Expectations of an Obama Presidency<snip>
When Barack Obama takes office in January, due to the all things to all people nature of his appeal, he will do so amidst a range of hopes and expectations, including ending the war in Iraq, getting the economy back on track, rebuilding tattered relations with numerous allies and even changing the way we eat and what we drive that is more imposing than those faced by any of his recent predecessors. Achieving all of these goals will be almost impossible. Achieving even one or two of them would be an extraordinary accomplishment.
Obama will, of course, also be evaluated on how he handles the two biggest issues of the campaign and likely of his presidency, at least its early years, as well. These two issues, the economy and the war in Iraq, raise different challenges regarding hope and expectations. A drawdown of troops in Iraq is now almost inevitable. This was a central promise of Obama's campaign; and now the conventional wisdom has largely caught up with where Obama was more than a year ago. Meeting this campaign promise, at least in part, will not be difficult, but Obama must make sure to take the credit for this. It is even possible that this drawdown will happen relatively quickly and without much controversy.
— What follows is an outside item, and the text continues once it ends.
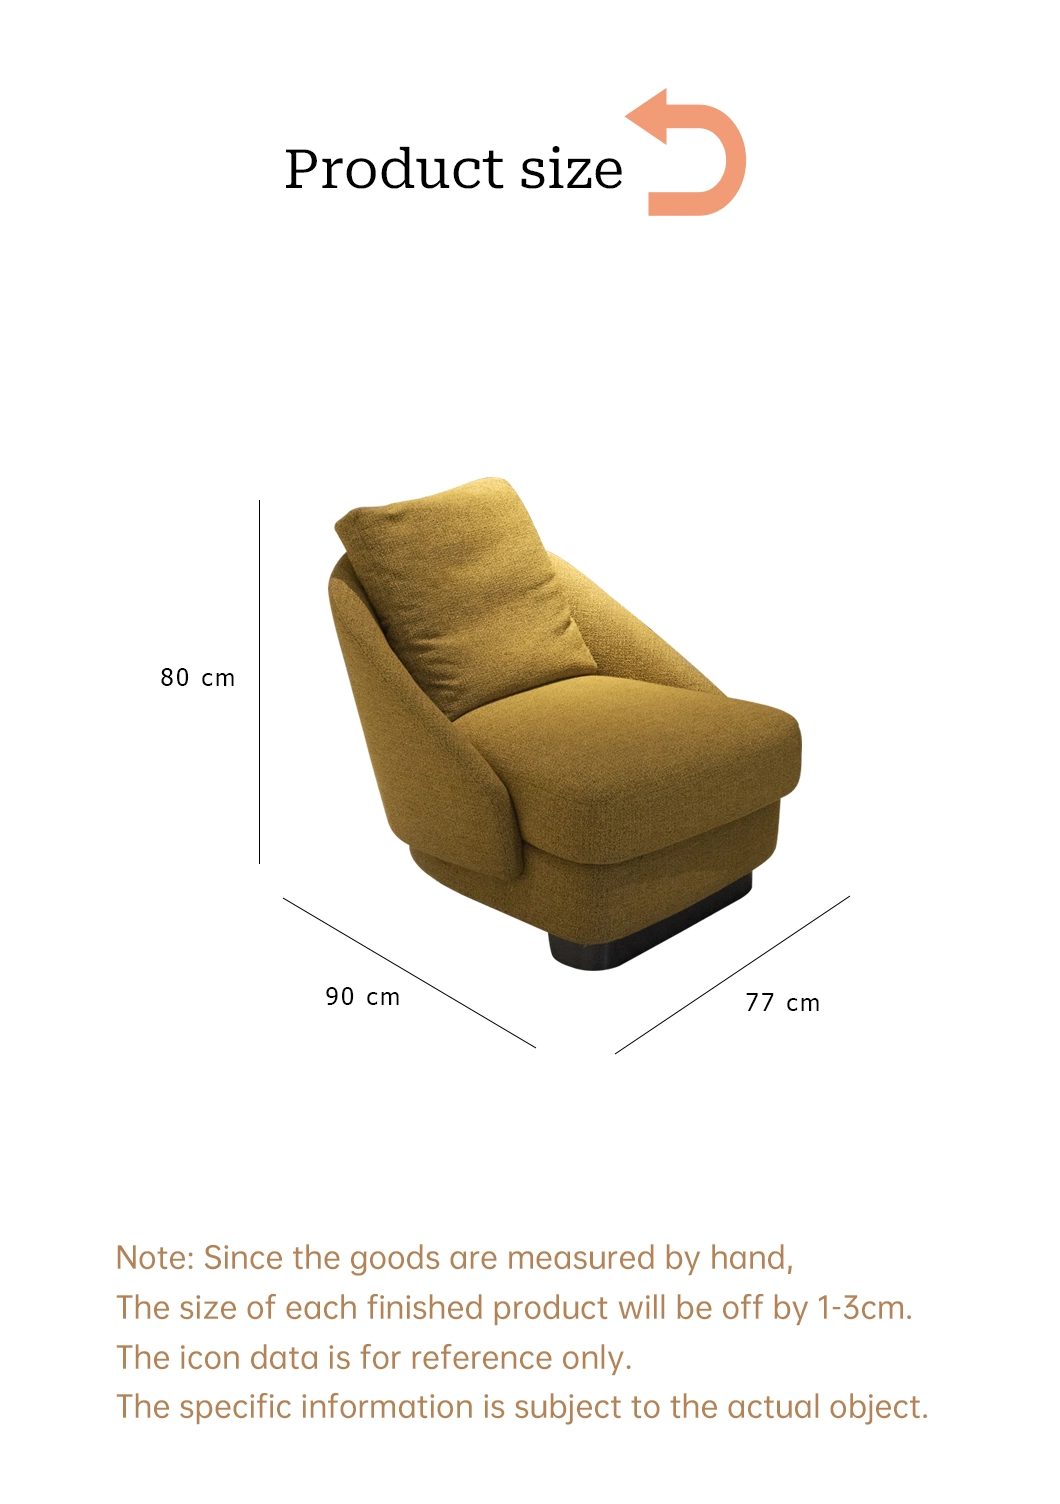 Home Furntiure Comfortable Relax Chair with Cushion for The Indoor Lounge Chair

We have no way of really knowing what other issues will dominate Obama's presidency, just as few would have predicted that George W. Bush's presidency would have been largely defined by a Global War on Terror, that Bill Clinton's presidency would have been primarily driven by foreign policy or that George H. W. Bush would owe his defeat to an economic downturn. To be a good president Obama will have to respond effectively to all of these unforeseen crises;
to be a great president he will also have to succeed on his own terms with his own agenda.